Kejenuhan dalam Kehidupan

Mencari makna dalam keseharian tanpa tujuan

kejenuhan dalam kehidupan

Sambil menggandeng rasa lelah, aku disambut siraman air deras dan hembusan angin yang menusuk seraya melangkah ke luar gedung kantor. “Hujan lagi,” keluhku dalam hati. Sudah beberapa hari ini aku bertarung melawan hujan untuk mencapai pintu rumahku. Namun, hari ini aku akhirnya menyerah. Aku tidak ingin membayangkan nasib payungku yang harus berusaha melindungiku dari derasnya air yang jatuh. Dengan pasrah, aku kembali masuk ke dalam kantor untuk menunggu hujan berlalu.

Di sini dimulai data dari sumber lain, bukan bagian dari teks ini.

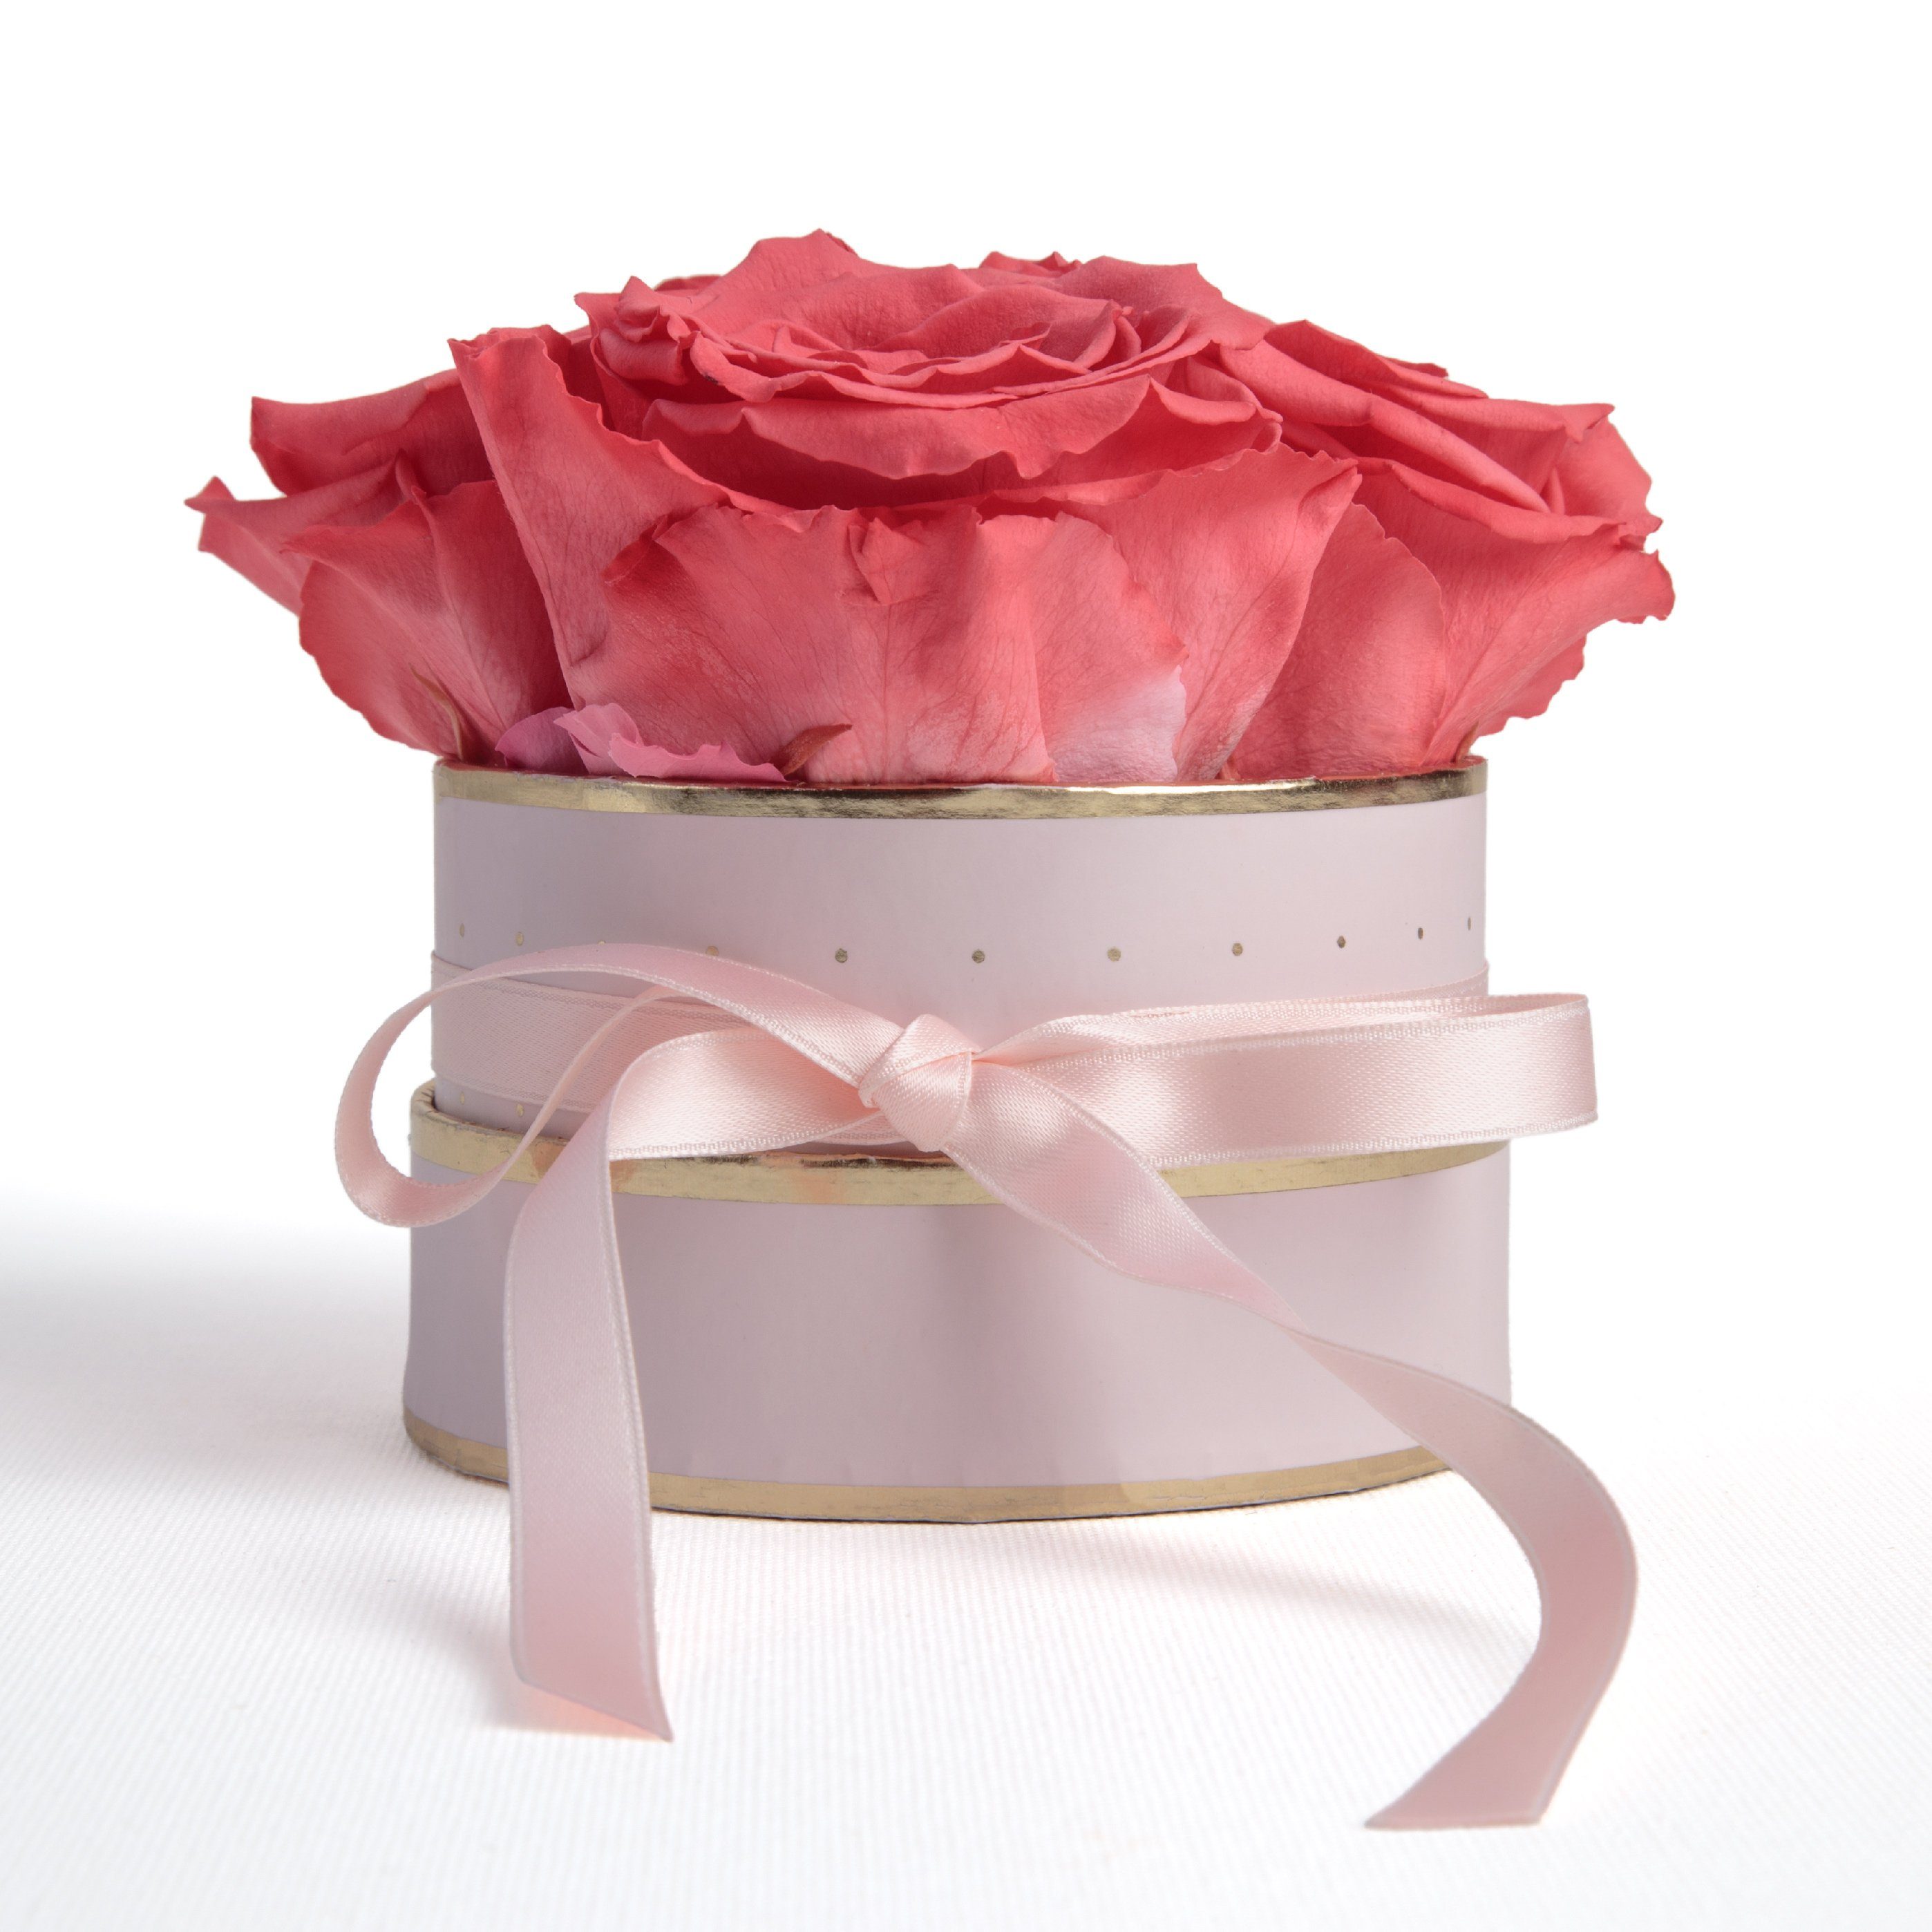 Kunstblume Infinity Rosenbox rosa rund 4 konservierte Rosen Geschenk für Frauen Rose, ROSEMARIE SCHULZ Heidelberg, Höhe 10 cm, echte konservierte Rosen Korall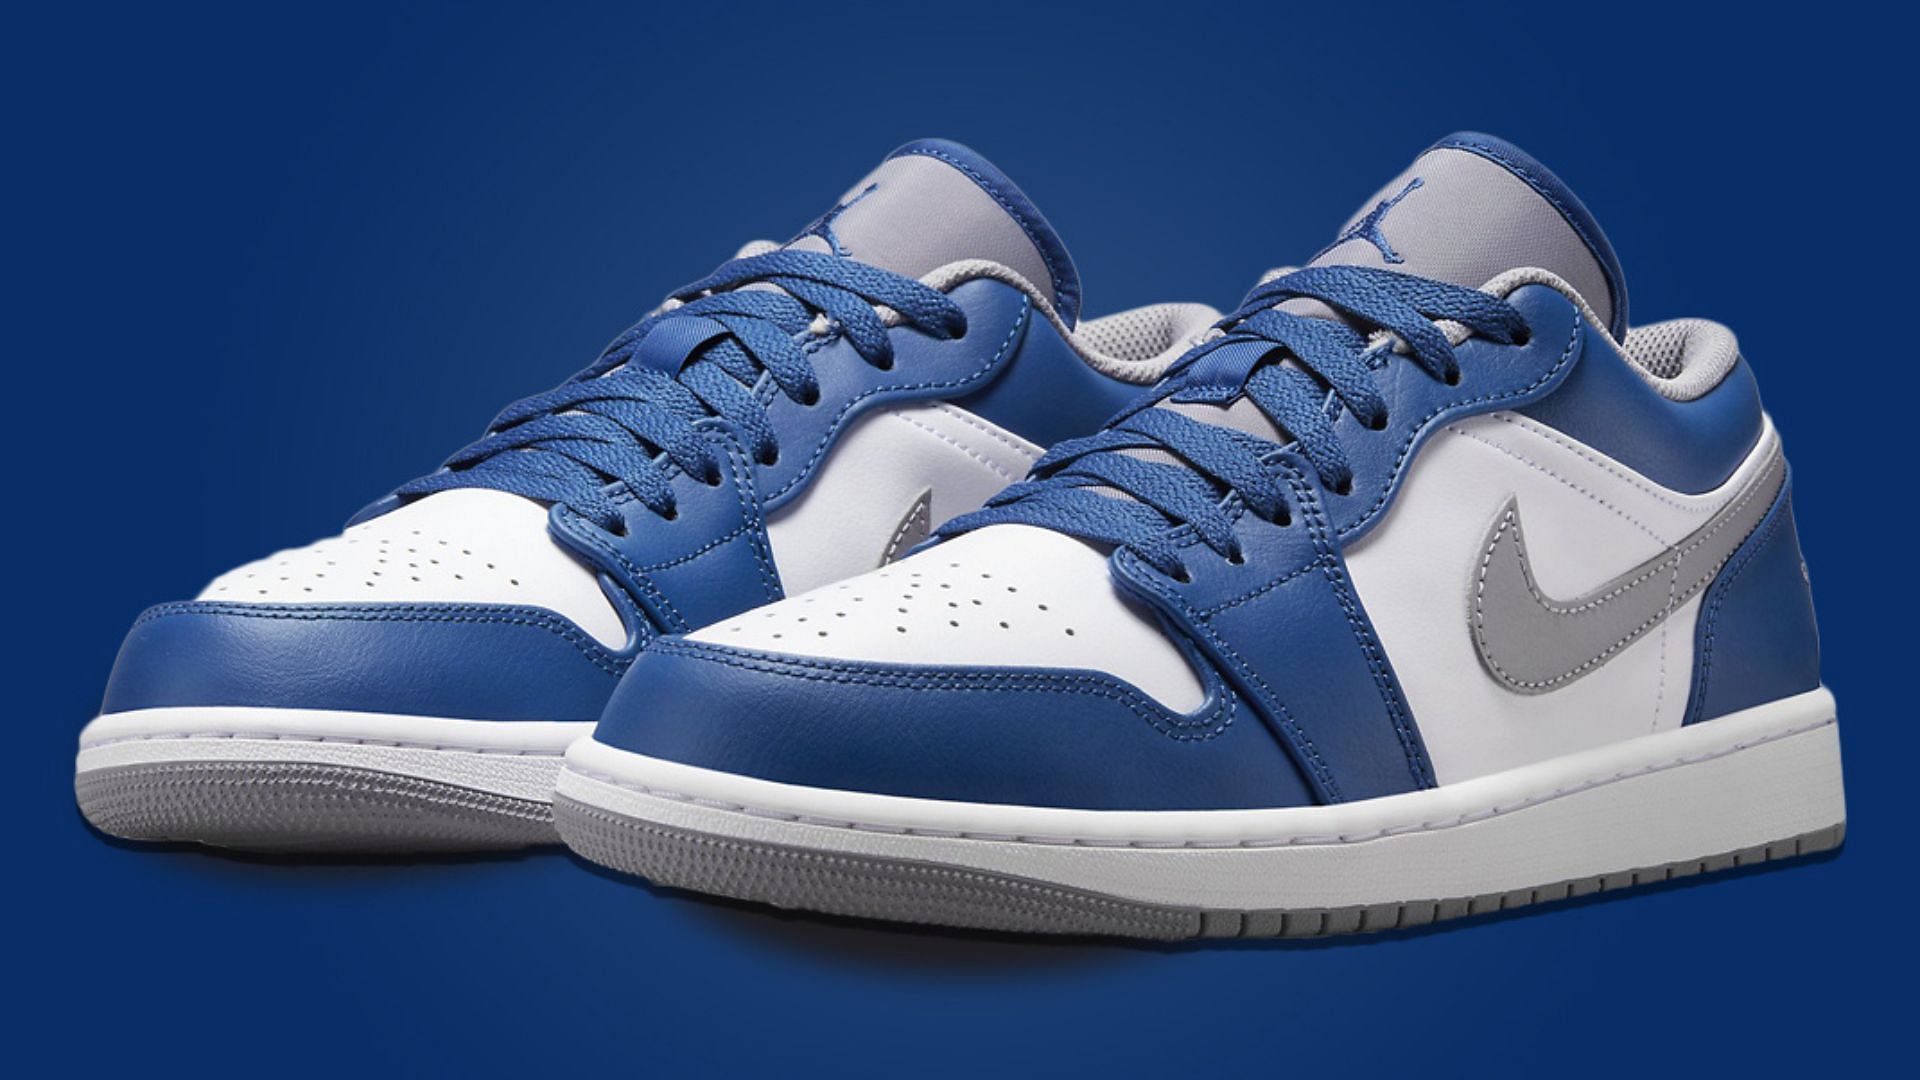 Air Jordan 1 Low True Blue colorway (Image via Nike)

Sambil meneduh, pikirku pun melayang ke mana-mana. Sudah bertahun-tahun lamanya aku bekerja di kantor ini. Mengulangi terus kebiasaan yang sama setiap harinya, hingga dapat kulakukan sambil menutup mata. Bagai hidup seperti seekor kerbau, waktuku sejak terbangun di pagi hari hingga tertidur di malam hari hanya dihabiskan untuk bekerja. Kulakukan semua itu agar mampu bertahan hidup.

“Belum pulang, Pak?” tanya seorang petugas kebersihan yang berhasil mengalihkan pikiranku. “Belum,” jawabku singkat sambil mengarahkan pandanganku pada sumber suara. Petugas kebersihan itu terlihat asing; seorang pemuda bertubuh kurus yang tampak seperti mahasiswa kampus ternama di kota besar. “Saya sepertinya belum pernah melihat kamu. Kamu baru bekerja di sini?” tanyaku kepada pemuda tersebut. “Iya, Pak,” jawabnya sambil melengkungkan senyum lugu, “saya baru mulai kerja sejak minggu ini.” Pantas saja, sepertinya ini adalah kali pertama aku bertemu dengan pemuda ini.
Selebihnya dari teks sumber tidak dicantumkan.